如果修改后不能保存，就修改文件所属的权限。
chown -R postgres:postgres 文件夹名字
ls -al 查看文件属主等信息

图片中的root应该为postgres
在这里插入图片描述

10. 安装

yum install -y gcc zlib zlib-devel readline readline-devel flex
yum -y install gcc automake autoconf libtool make

cd /home/postgres/postgres-xl-10r1.1
./configure --prefix=/home/pg/pgxl
make -j4
make install 
cd /home/postgres/postgres-xl-10r1.1/contrib
make -j4
make install

生成文件pxc_ctl.conf文件
pgxc
根据提示找到pxc_ctl.conf文件的位置，然后复制文件
cp 源文件 目的文件地址
修改pgxc_ctl.conf文件
我将pgxc_ctl.conf文件放到了 /home/postgres/pgxc/conf下面，注意要记住这个地址，因为后续开启数据库的时候要用到这个地址

修改配置文件，只需要修改里面的IP地址和节点数目就可以了
我是参考下面两篇博客修改的，需要注意的是其中cidr表示的地址哪里需要填自己的网段，剩下的就是把IP换成自己的IP即可
博客1 如有侵权请联系马上删除
博客2 如有侵权请联系马上删除


pgxcInstallDir=$HOME/pgxc
#---- OVERALL -----------------------------------------------------------------------------
#
pgxcOwner=$USER			# owner of the Postgres-XC databaseo cluster.  Here, we use this
						# both as linus user and database user.  This must be
						# the super user of each coordinator and datanode.
pgxcUser=$pgxcOwner		# OS user of Postgres-XC owner

tmpDir=/tmp					# temporary dir used in XC servers
localTmpDir=$tmpDir			# temporary dir used here locally

configBackup=n					# If you want config file backup, specify y to this value.
configBackupHost=pgxc-linker	# host to backup config file
configBackupDir=$HOME/pgxc		# Backup directory
configBackupFile=pgxc_ctl.bak	# Backup file name --> Need to synchronize when original changed.

#---- GTM ------------------------------------------------------------------------------------

# GTM is mandatory.  You must have at least (and only) one GTM master in your Postgres-XC cluster.
# If GTM crashes and you need to reconfigure it, you can do it by pgxc_update_gtm command to update
# GTM master with others.   Of course, we provide pgxc_remove_gtm command to remove it.  This command
# will not stop the current GTM.  It is up to the operator.
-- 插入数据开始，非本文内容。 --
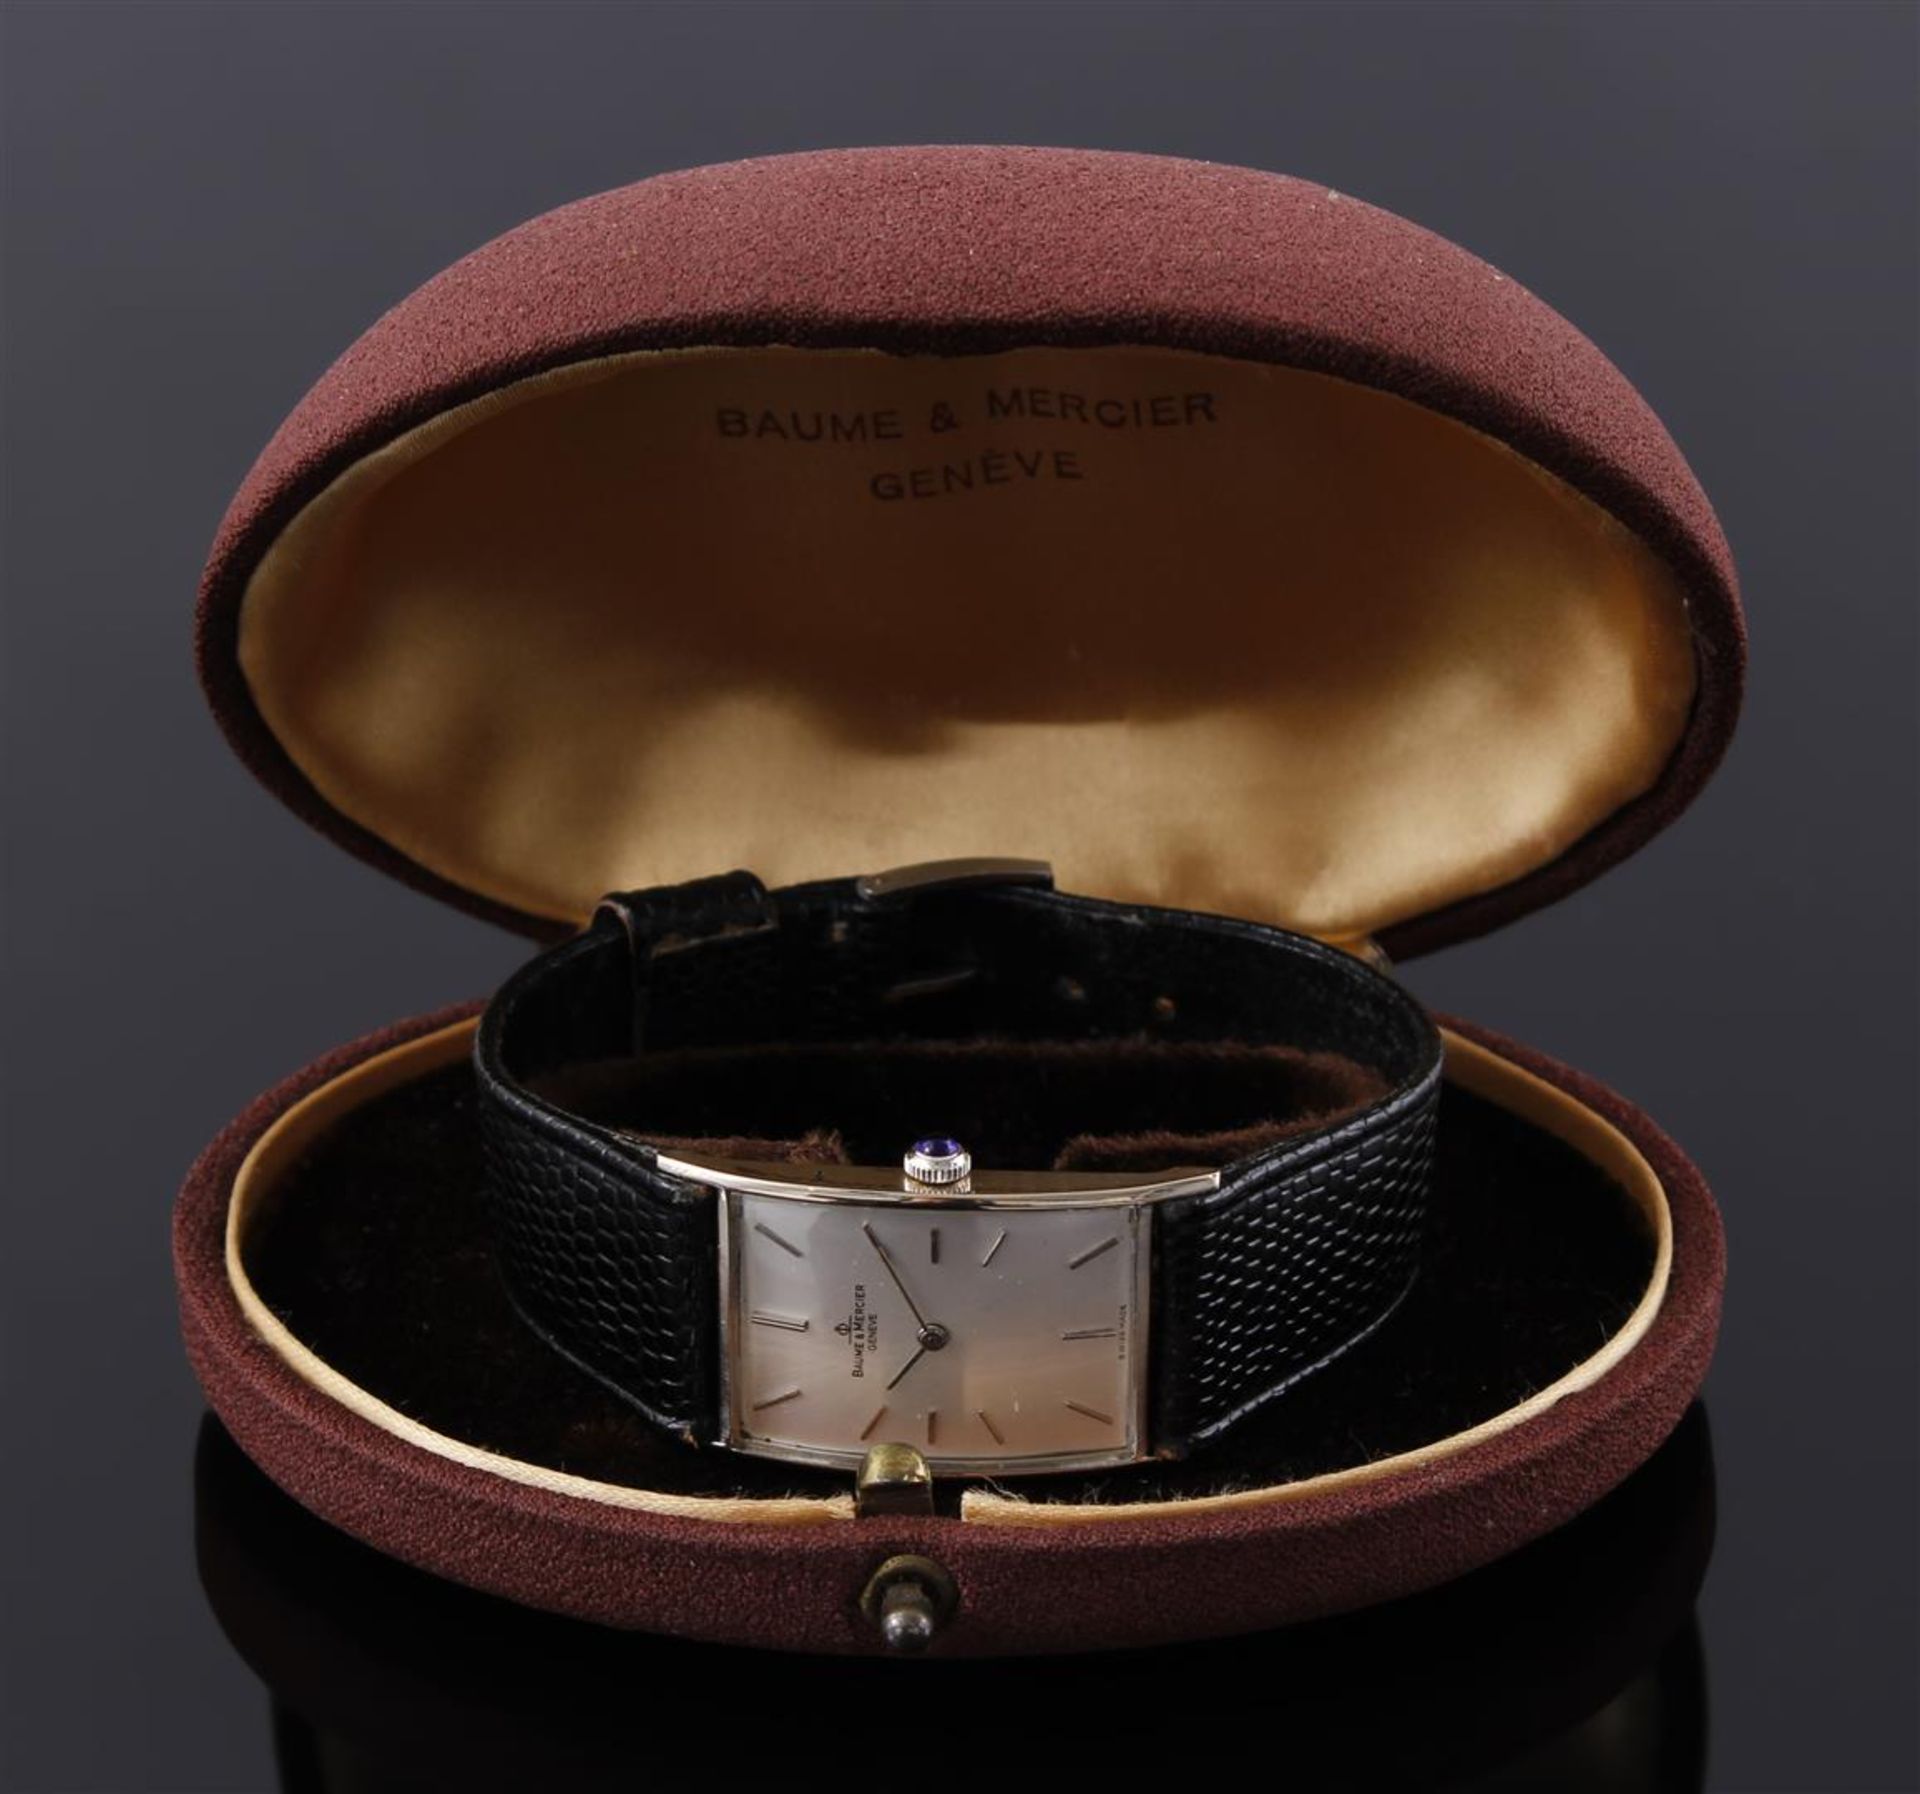 Baume & Mercier Genève wristwatch - Image 3 of 3

#---- GTM Master -----------------------------------------------

#---- Overall ----
gtmName=gtm
gtmMasterServer=172.18.0.2
gtmMasterPort=20001
gtmMasterDir=$HOME/pgxc/nodes/gtm

#---- Configuration ---
gtmExtraConfig=none			# Will be added gtm.conf for both Master and Slave (done at initilization only)
gtmMasterSpecificExtraConfig=none	# Will be added to Master's gtm.conf (done at initialization only)
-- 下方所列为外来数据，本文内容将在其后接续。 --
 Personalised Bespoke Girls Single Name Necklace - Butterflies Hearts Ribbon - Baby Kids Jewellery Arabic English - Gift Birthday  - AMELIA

#---- GTM Slave -----------------------------------------------

# Because GTM is a key component to maintain database consistency, you may want to configure GTM slave
# for backup.

#---- Overall ------
gtmSlave=n					# Specify y if you configure GTM Slave.   Otherwise, GTM slave will not be configured and
							# all the following variables will be reset.
gtmSlaveName=gtmSlave
gtmSlaveServer=node12		# value none means GTM slave is not available.  Give none if you don't configure GTM Slave.
gtmSlavePort=20001			# Not used if you don't configure GTM slave.
gtmSlaveDir=$HOME/pgxc/nodes/gtm	# Not used if you don't configure GTM slave.
# Please note that when you have GTM failover, then there will be no slave available until you configure the slave
# again. (pgxc_add_gtm_slave function will handle it)

#---- Configuration ----
gtmSlaveSpecificExtraConfig=none # Will be added to Slave's gtm.conf (done at initialization only)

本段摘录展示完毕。